Polestar Educator Amy Dixon has an extensive fitness background, spanning well over 20 years and include numerous types of trainings. She also has experience working with breast cancer survivors, through classes and private sessions that help them rehabilitate and reintroduce positive movement experiences. Amy has shared with us her experiences and as well as useful insights on what to expect when dealing with cancer clients and how to make the sessions the best they can be.
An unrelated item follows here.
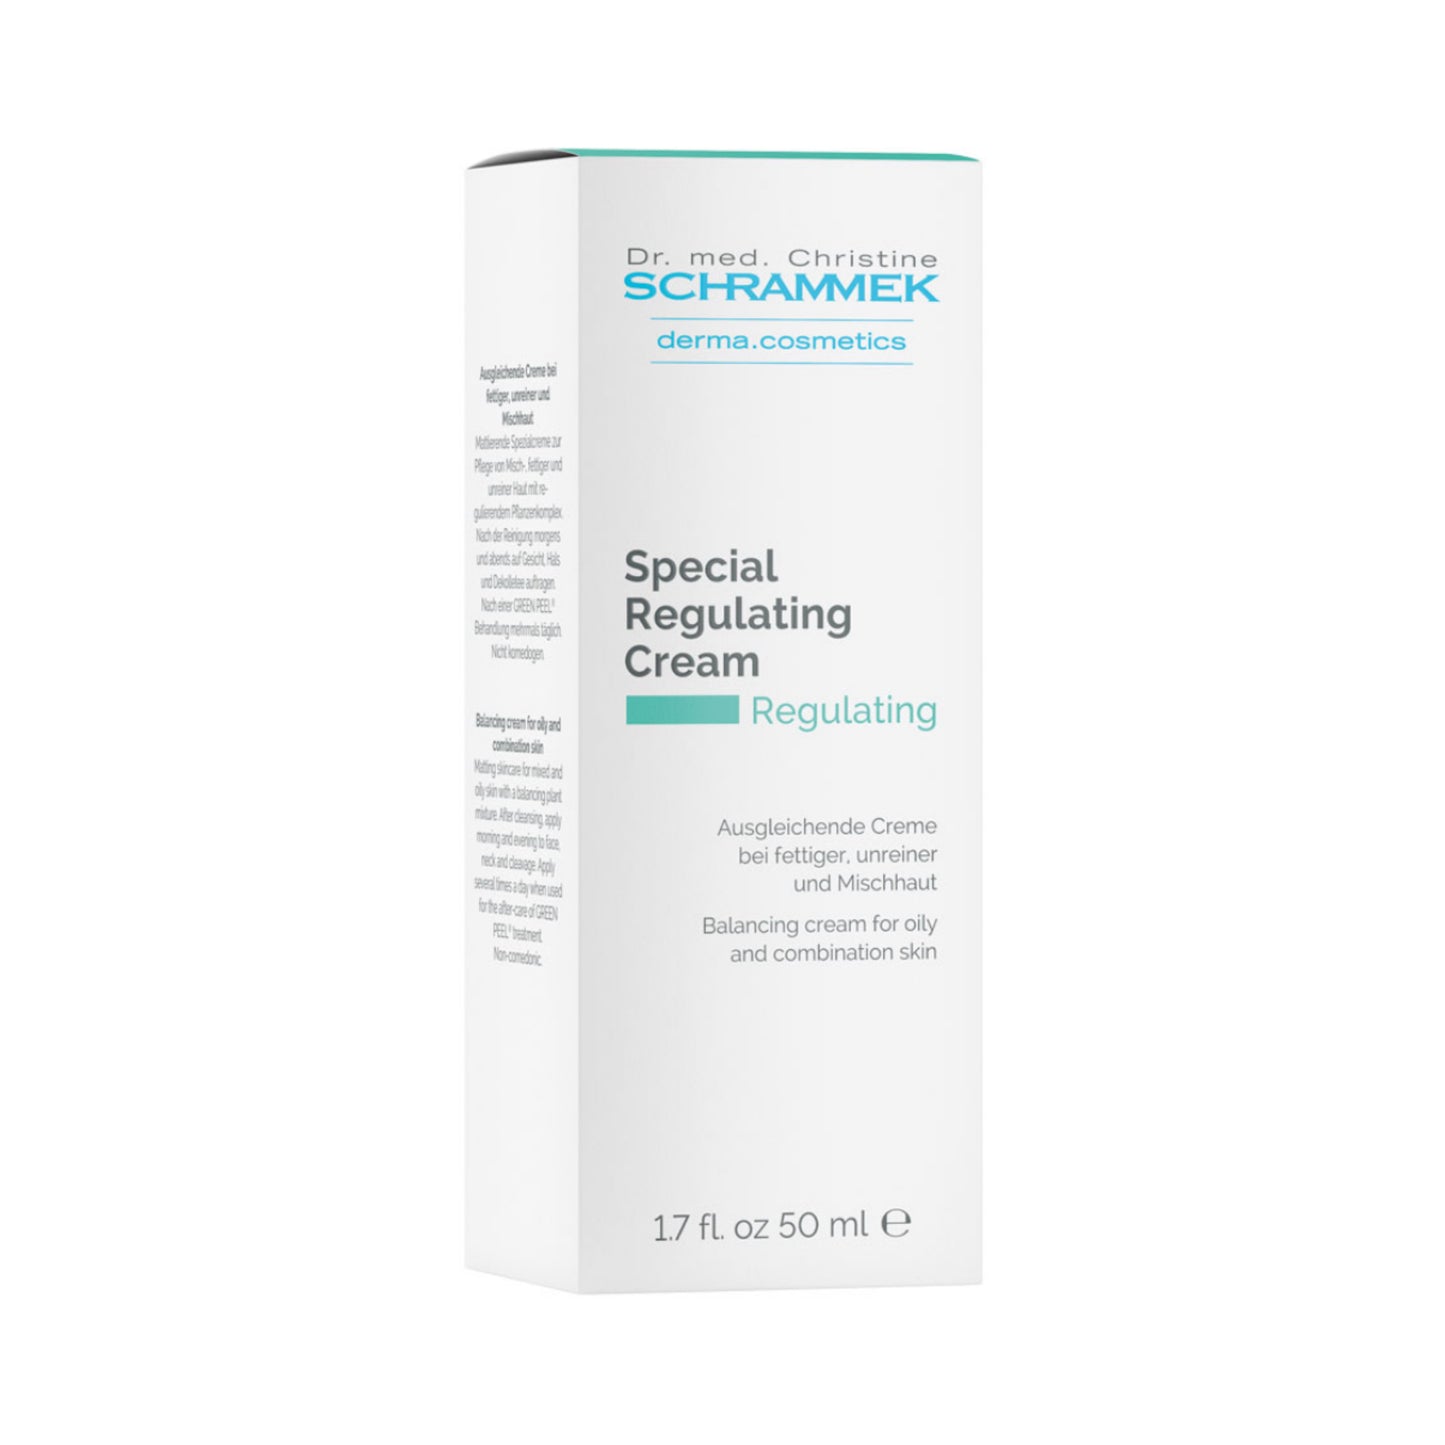 Dr Schrammek Special Regulating Cream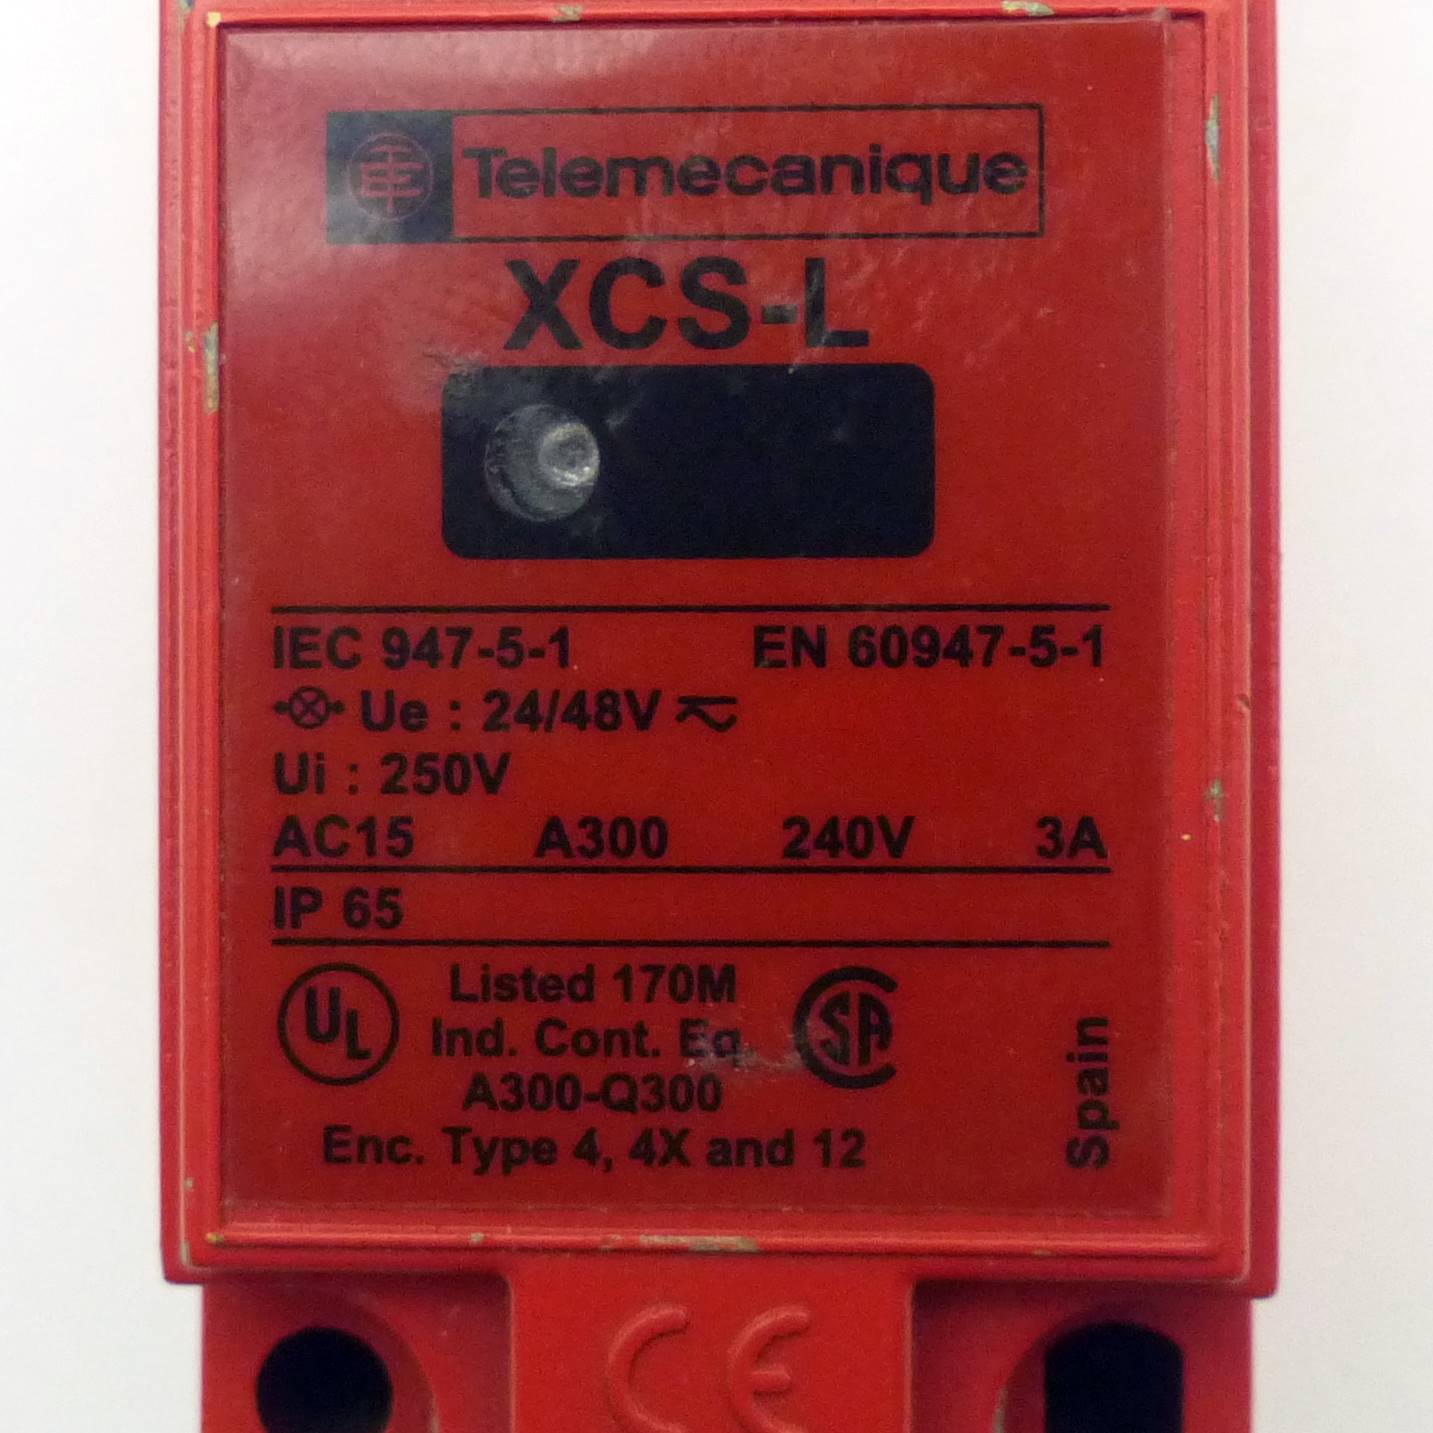 Sicherheitsschalter XCSL784B3

23 years ago, I was working as a personal trainer. I also had issues with 2 herniated discs. I began working with a Pilates teacher and was amazed to discover such positive results through this practice to alleviate my pain. Because of this, I was inspired to train to become a Pilates instructor. After a few years, I found Polestar and completed the Transition program. It was after Polestar that I was drawn to work with ailing clients, using Polestar’s principles. Throughout my career, I have seen the full range of symptoms breast cancer sufferers experience. These symptoms include:
- Decreased shoulder range of motion and strength
- Poor posture
- Peripheral neuropathy
- Increased risk of premature osteoporosis
- Increased risk of lymphedema and sarcopenia
- Impaired ability to perform daily tasks
These issues are compounded with emotional stress and frame of mind, which can irritate the symptoms further. Post-surgery breast cancer patients tend to limit their movement to the point that they set back their recovery. Many also develop guarding habits, such as raising the arm on the affected side to protect against being touched or jostled, which can cause further mobility problems in the shoulder area. This is where Pilates can retrain some of those detrimental habits as it is critical to avoid these habits from developing further in order to expedite recovery. It is more difficult to restore shoulder mobility in patients who stay guarded in a sling for six to eight weeks, for example.
Clients with a positive outlook and a willingness to progress tend to have better results with movement. It can be scary for the client to move, so much encouragement and compassion is needed! Private sessions are ideal for this type of client in order for them to feel more comfortable and to participate without feeling self-conscious.
To reintroduce patients into everyday movement, it’s best to start with low-intensity Pilates routines that focus on the upper body. During cancer rehabilitation, the concepts of breathing, pelvic and lumbar spine alignment, rib cage placement, shoulder mobility and stability, and head and neck alignment can be applied to any Pilates movement. Bringing awareness to posture can be the first step in improving daily activities. Putting the body in a position where it moves and reacts more efficiently can take away unwanted stress and strain. Developing proper movement patterns will also allow the body to heal in a way that reduces the likelihood of compensatory injuries.
When dealing with cancer patients, you must also be aware of their progress as well as keep close communication with their physical therapist. It is important to know the types of issues they are dealing with, and by keeping good communication with their PT, you can ensure the proper contraindications are noted before creating a program for these clients. Watch for fatigue, swelling, limited range of motion, and pain while working with these clients.
Ultimately, our Pilates practice can greatly improve the mobility, range and posture of survivors. Creating a positive movement experience is key.